**MEAN: **The arithmetic mean of grouped frequency distribution can be obtained using:

Class Mark Method:

X = ∑fx/∑f where x is the midpoint of the class interval.

Assumed Mean Method: It is also called working mean method. X = A + (∑ Fd/∑f)

Where, d = x – A, x = class mark and A = assumed mean.

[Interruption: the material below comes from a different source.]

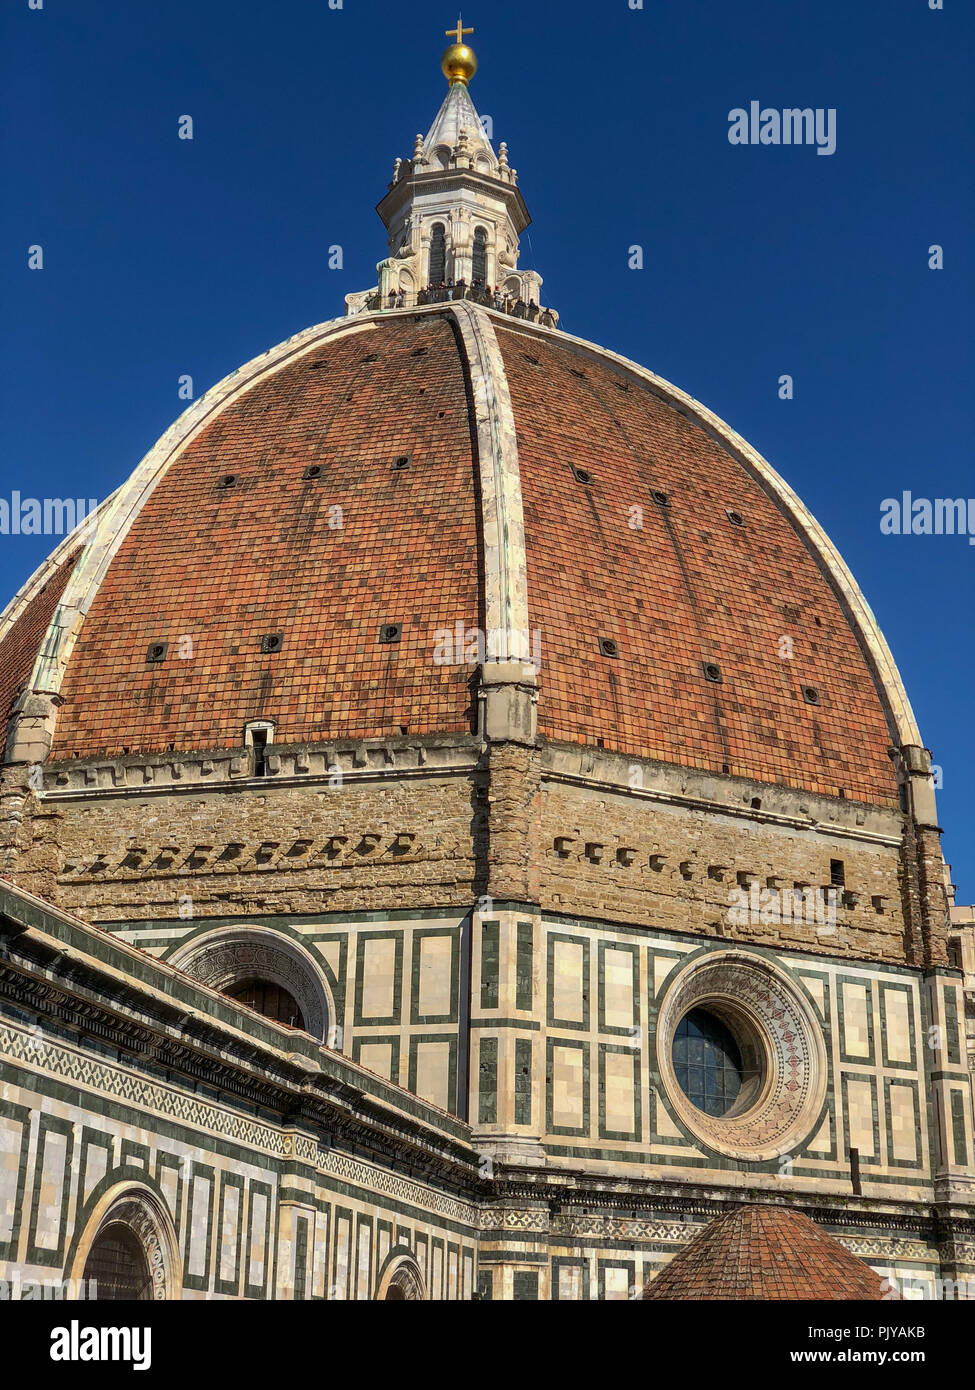 Duomo de Florencia. La Basílica di Santa Maria del Fiore (Basílica de Santa María de las flores), en Florencia, Italia. Foto de stock
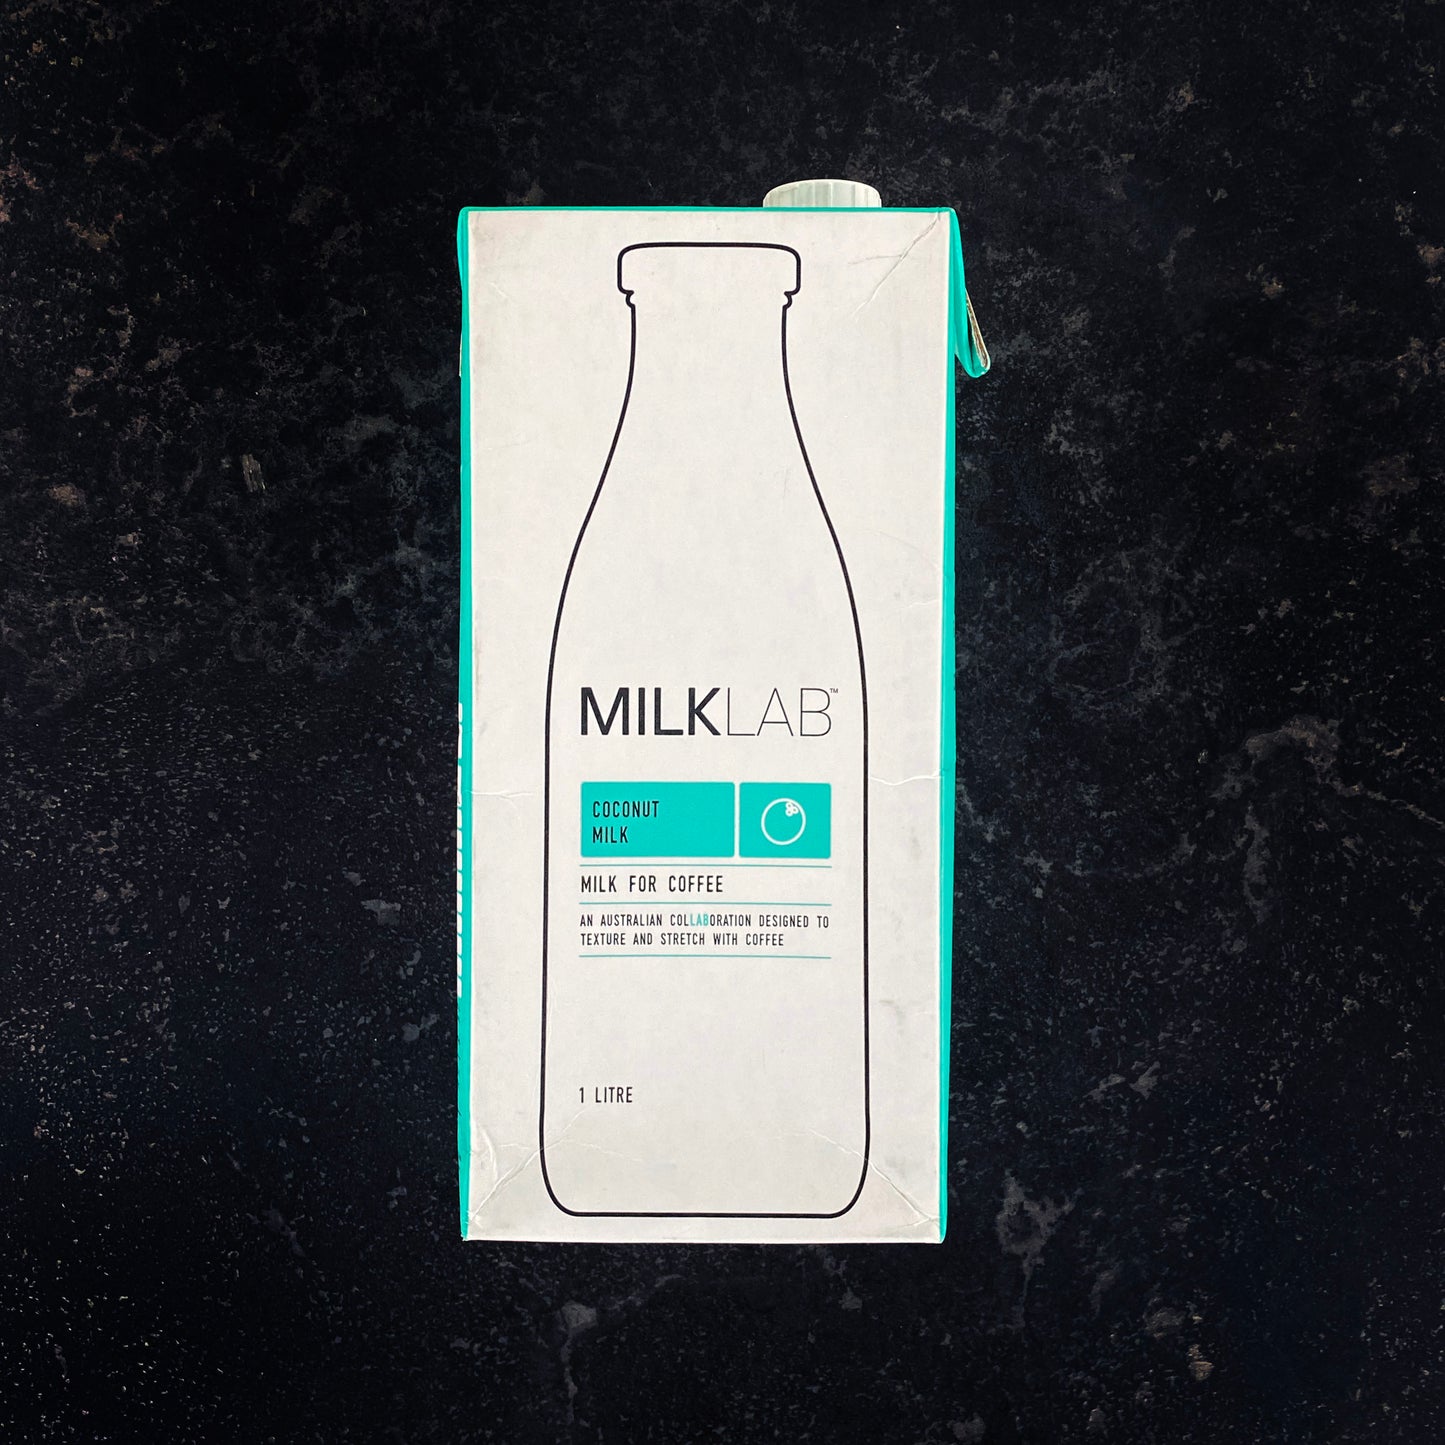 MilkLab Coconut Milk Barista 1 Litre Carton

** EXAMPLE:** The numbers of matches in 100 boxes are counted and the results are shown in the table below:

Number of matches | 25 – 28 | 29 – 32 | 33 – 36 | 37 – 40 |

Number of boxes | 18 | 34 | 37 | 11 |

Calculate the mean (i) using class mark (ii) assumed mean method given that the assumed mean is 30.5.

*Solution:*

Class interval | F | X | FX | d = x – A | Fd |

25 – 28 | 18 | 26.5 | 477 | 4 | 72 |

29 – 32 | 34 | 30.5 | 1037 | 0 | 0 |

33 – 36 | 37 | 34.5 | 1276.5 | 4 | 148 |

37 – 40 | 11 | 38.5 | 423.5 | 8 | 88 |

Total | 100 | 3214 | 164 |

- Class Mark Method: X = ∑fx/∑f = 3214/100 = 32. 14 = 32 matches per box (nearest whole no)
- Assumed Mean Method: X = A + (∑ Fd/∑f)

= 30. 5 + (164/100) =30.5 + 1.64

= 32.14 = 32 matches per box (nearest whole number)

*EVALUATION:*

Calculate the mean shoe sizes of the number of shoes represented in the table below using (i) class mark (ii) assumed mean method given that the assumed mean is 42.

Shoe sizes | 30 – 34 | 35 – 39 | 40 – 44 | 45 – 49 | 50 – 54 |

No of Men | 10 | 12 | 8 | 15 | 5 |

**MODE**

The mode of a grouped frequency distribution can be determined ** geometrically** and by

*interpolation method.*Mode from Histogram: The highest bar is the modal class and the mode can be determined by drawing a straight line from the right top corner of the bar to the right top corner of the adjacent bar on the left. Draw another line from the left top corner to the bar of the modal class to the left top corner of the adjacent bar on the right.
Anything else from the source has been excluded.